For local dishes like Khanom Jeen Nam Ngiaw, head on over to Aunt Boonsri Khanom Jeen near Ratchadapisek Bridge, or cross over to Khao Soi Islam, a small and casual restaurant specialising in hearty bowls of beef Khao Soi – one of the must-try dishes in Thailand – as well as some tasty chicken satay.  

For coffee, look no further than MAHAMITr Microroaster. This trendy and chilled out café serves professionally roasted coffee with a variety of beans and styles. The staff speak good English and can advise you on your ideal brew. There are also English menus, and two seating areas (one inside with air-conditioning, the other outside by the river). Sit outside if you can; it’s a beautiful environment to relax and enjoy good coffee.  

How to get there

Bus and train tickets are often cheaper if you buy them in-person at the station, however I used 12goAsia as the website is very easy-to-use, you can choose the language of the website and can pay with a variety of credit and debit cards. You receive an e-ticket by email to show the bus driver/ticket inspector. 
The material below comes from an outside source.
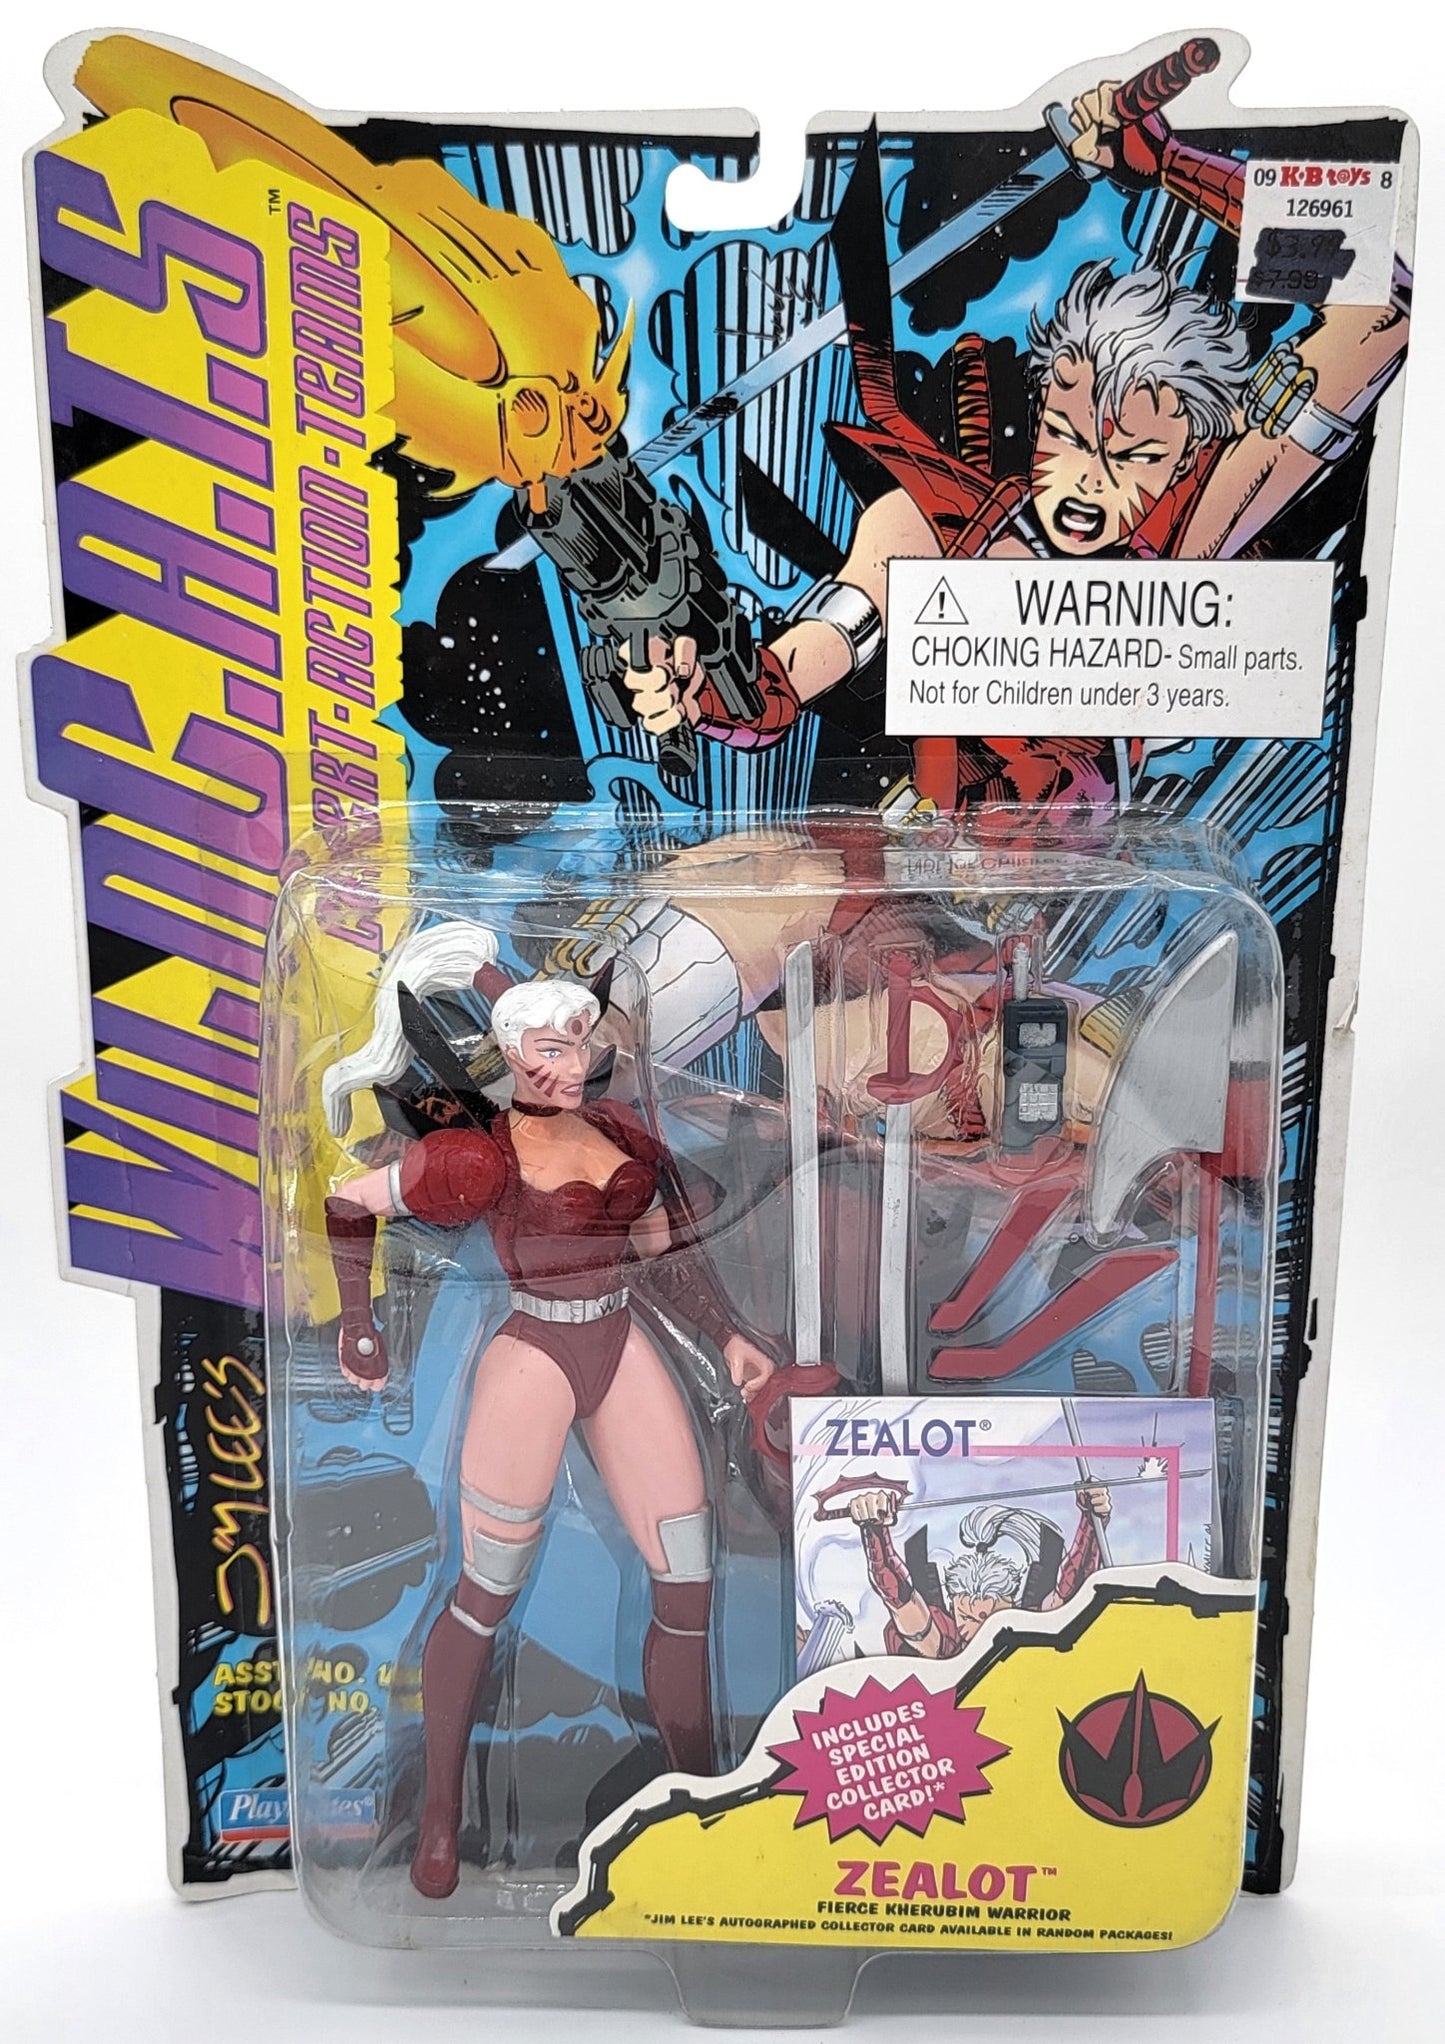 Playmates - Wildcats - Zealot | with Special Edition Collector Card | Vintage Playmates Action Figure - Action Figures - Steady Bunny Shop

From Chiang Mai: The fastest way is by bus. There are regular buses between the two cities (Greenbus and Transport Co are two providers). The journey takes about 1hr 45 minutes and costs around 100 Baht per person. 

Alternatively, you can take a direct train from Chiang Mai to Lampang. There are around 4 trains per day between 08:50 and 18.00. The journey takes about 2.5 hours. Price: 70 to 250 Baht, depending on the train. 

From Bangkok: There are five trains per day from Bangkok to Lampang. Journey length: 8 – 11hrs, depending on the train. Prices: 250 – 1060 Baht for a second-class ticket. 

There are regular buses between Bangkok and Lampang, between 7.30 and 21.50. The journey takes around 8-10 hours. Prices: 530 to 850 Baht per person, depending on the bus time. 

I hope this post has convinced you to add Lampang to your northern Thailand itinerary. If you have any other suggestions for what to do or see there, please leave them in the comments.